When he charges the Pharisees with tithing mint, anise, and cummin, while neglecting judgment, mercy and faith, he stamps their conduct with an “analogy” that makes them ludicrous forever, “Ye blind guides which strain out a gnat and swallow a camel.”

At dinner, he was rebuked by his host for permitting a penitent woman to wash his feet with her tears and wipe them with the hairs of her head. “Simon,” calmly returned the guest, “I have somewhat to say to thee.” “Master, Say on.” Jesus then proceeds to impale him upon the following question: “There was a certain creditor which had two debtors; the one owed him five hundred pence, the other fifty. And when they had nothing to pay, he frankly forgave them both.

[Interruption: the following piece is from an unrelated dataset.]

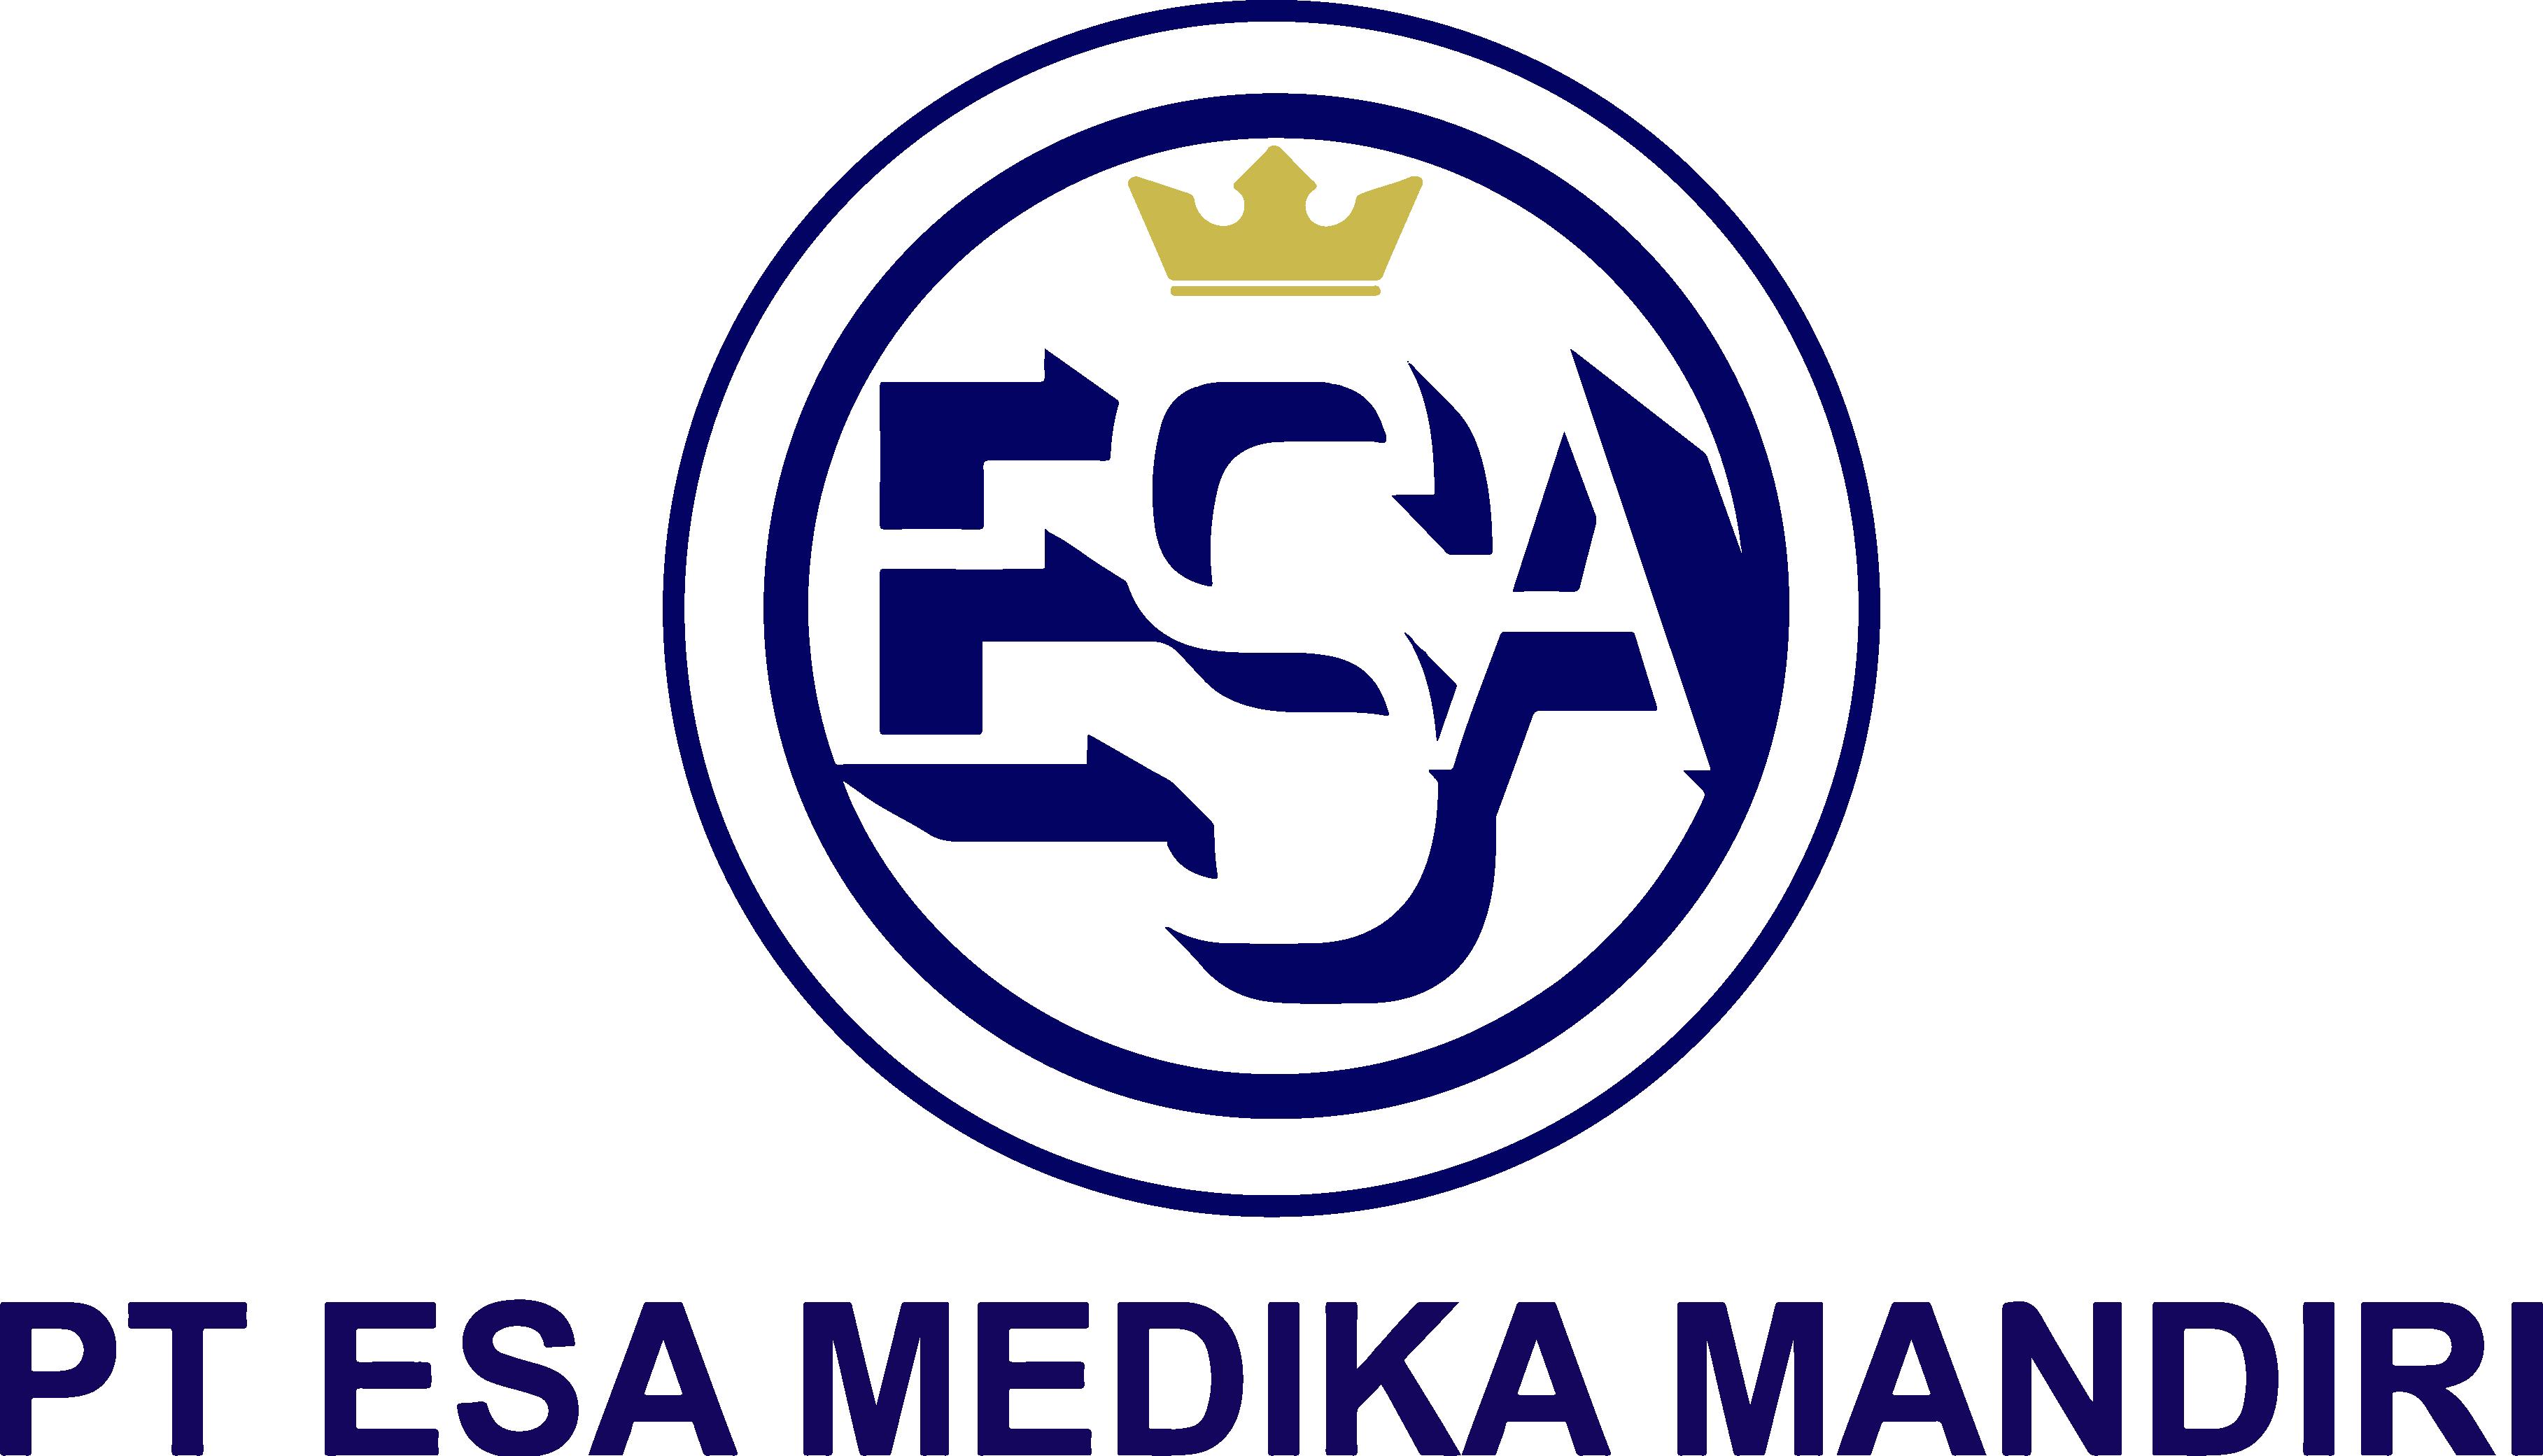 PT ESA MEDIKA MANDIRI

Tell me, therefore, which of them will love him most?” Simon understands whither the question tends, and slowly and reluctantly comes his answer: “I—suppose—that—he—to—whom—he—forgave most.” “Thou hast rightly judged.” Yes, Simon, but thou hast condemned thyself and justified the woman.

The story of the vineyard and its application are similar to Nathan’s parable. “There was a certain householder which planted a vineyard, and hedged it round about and digged a wine-press in it, and built a tower, and let it out to husbandmen, and went into a far country. And when the time of the fruit drew near, he sent his servants to the husbandmen, that they might receive the fruits of it. And the husbandmen took his servants, and beat one, and killed another, and stoned another. Again he sent other servants, more than the first; and they did unto them likewise. But last of all, he sent unto them his Son; saying, They will reverence my Son. But when the husbandmen saw the Son, they said among themselves, This is the heir; come, let us kill him, and let us seize on the inheritance. And they caught him and cast him out of the vineyard, and slew him.”

This is the story. Jesus turns to the Pharisees: “When the Lord, therefore, of the vineyard cometh, what will he do unto these husbandmen?” Priests and Pharisees are moved with indignation. This is horrible; it almost exceeds belief. Those husbandmen were monsters of ingratitude and wickedness! The Pharisees answer: “He will miserably destroy those wicked men, and will let out his vineyard unto other husbandmen, which shall render him the fruits in their seasons.”

Fatal answer for you, O Scribes and Pharisees! “Therefore I say unto you, the Kingdom of God shall be taken from YOU, and given to a nation bringing forth the fruits thereof.” There is a touch of humor in Matthew’s description of the manner in which the real object of this story dawned upon the minds of the hearers. “And when the Pharisees had heard his parable, they perceived that he spake of them.” Are we not irresistibly reminded of Falstaff, when the fairies in the forest turned out to be flesh and blood, “I do begin to perceive that I am made an ass?” Do we not feel about many of these condensed arguments of Jesus, as Milton did about the “sophist sweating and turmoiling under the inevitable and merciless dilemmas of Socrates,” that “he who reads, were it Saturn himself, would be robbed of more than a smile?”

Let us add by way of comparison, a passage from the Athenian Master. Here is a fragment of dialogue upon the enslaving power of money.

“Come, now, and let us reason with the unjust who is not intentionally in error. ‘Sweet sir,’ we will say to him, ‘what think you of things esteemed noble and ignoble? Is not the noble that which subjects the beast to the man, or rather to the god in man? and the ignoble that which subjects the man to the beast?’ He can hardly avoid saying Yes,—can he now?”

“Not if he has any regard for my opinion.”

“But if he admit this, we may ask him another question,—How would a man profit if he received gold and silver on condition that he was to enslave the noblest part of him to the worst? Who can imagine that a man who sold his son or daughter into slavery for money, especially if he sold them into the hands of fierce and evil men, would be the gainer, however large might be the sum which he received? And will any one say that he is not a miserable caitiff who sells his own divine being to that which is most atheistical and detestable, and has no pity?”

This selection will enable us to see that the method commonly used by Socrates was essentially the method that Jesus so frequently employed.